Sherman completed his MBA at Ecole Supérieure de Commerce de Marseille-Provence (KEDGE Business School) in Marseille, France. He wrote a book on Euro-Mediterranean Corporate Financial Structures based on his research at Kedge. He was an eMBA exchange student at Shanghai Jiao Tong University in China.

== Personal life ==
Sherman is a convert to Judaism. He lectures about his conversion and about Torah.
He has been featured in Israeli media about his conversion experience, and about his artwork. Mishpacha magazine describes how people could not believe that the man in a beard, peyot, and traditional long black coat was once the gentile buying the chametz from Jerusalem's Beth Din before Passover. The Orthodox Union described Sherman as "originally an Evangelical Christian youth minister who began to question religion as a teenager. Follow his journey around the world where he studied neuroscience and business until today settled in Israel as a Jew heavily involved in Israel advocacy".

== Art ==
Jerusalem Online News, a subsidiary of Channel 2, describes how Sherman's art is inspired by Judaism. "As part of the Kotel (Western Wall) series, Sherman is painting doves of peace and other beautiful birds flying over the skyline of the Kotel... Sherman artistically portrays the vibrant celebrations that occur at Jewish weddings that take place beside the remnants of the ancient Temple in Jerusalem."

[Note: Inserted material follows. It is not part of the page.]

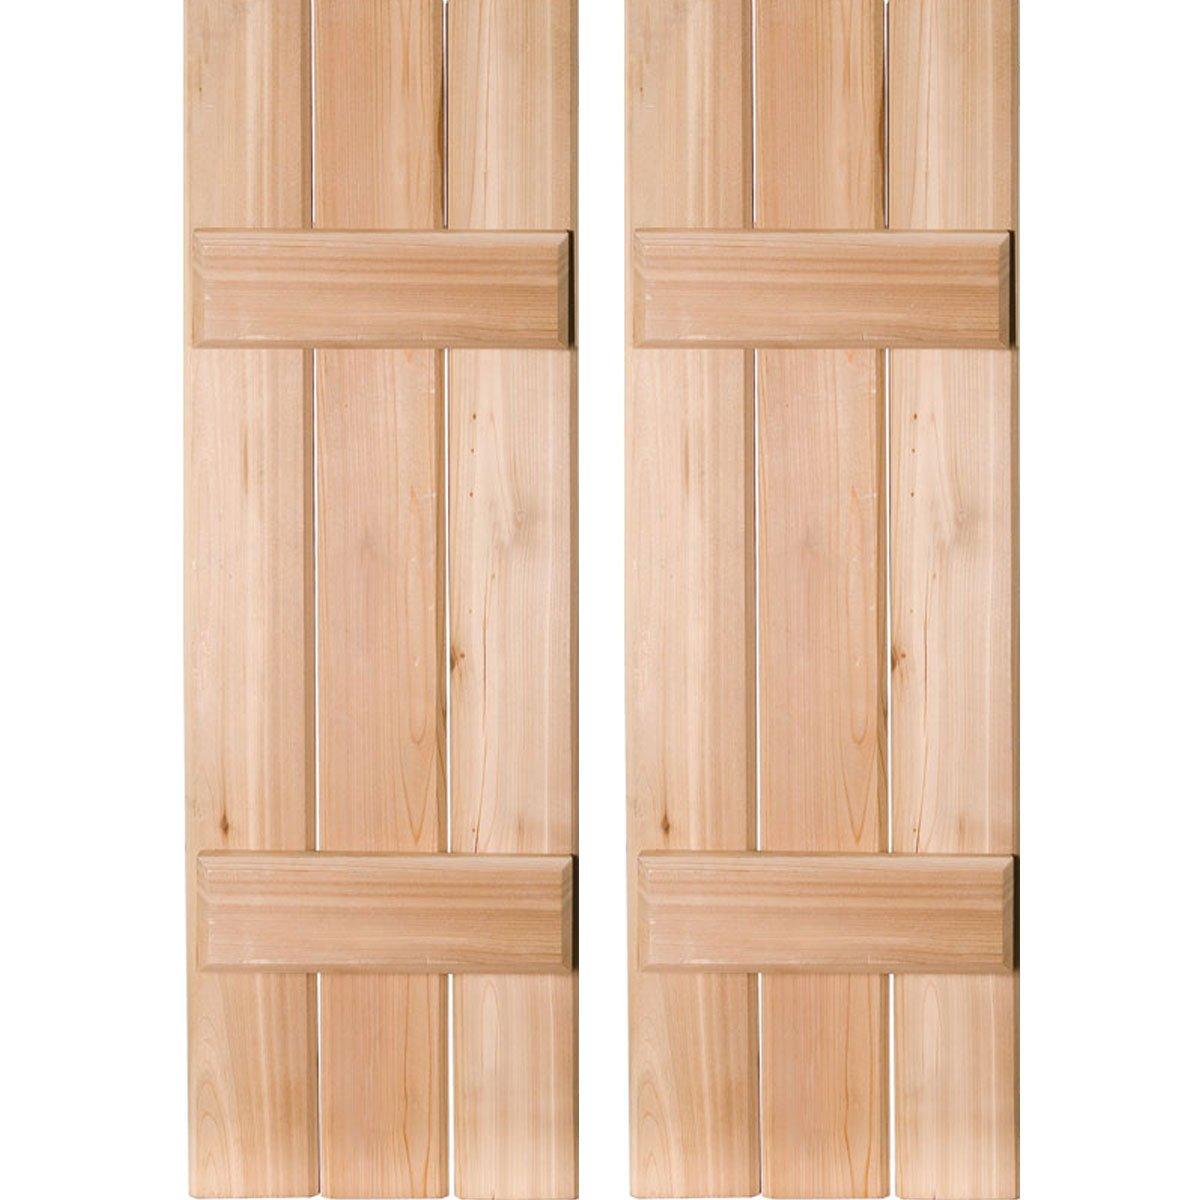 Ekena Millwork RWB12X052UNW Exterior Three Board

Via the Holocaust Art Institute, Sherman has donated paintings in memory of The Righteous Among the Nations to The Embassy of the Republic of Croatia in the State of Israel, The Serbian Embassy in Israel, The Slovak Embassy in Israel, The Embassy of Belgium in Israel, The Embassy of Hungary in Tel-Aviv, and The Austrian Cultural Forum Tel Aviv.

Greek Diplomat Alexandros Yennimatas has noted that "“Through his work, Mr. Sherman reminds us all that both creation and destruction are inherently human notions that transcend all forms of social divisions... Mr. Sherman’s resolve to promote the cause of peace and fraternity among peoples stands as a beacon of hope in these difficult times.”

==Business career==
Sherman works in business development, sales, and marketing with tech start-ups and scale-ups. Sherman has been profiled and cited for his business advice by The Harvard Business Review, The University of North Carolina at Chapel Hill and Inc. Magazine.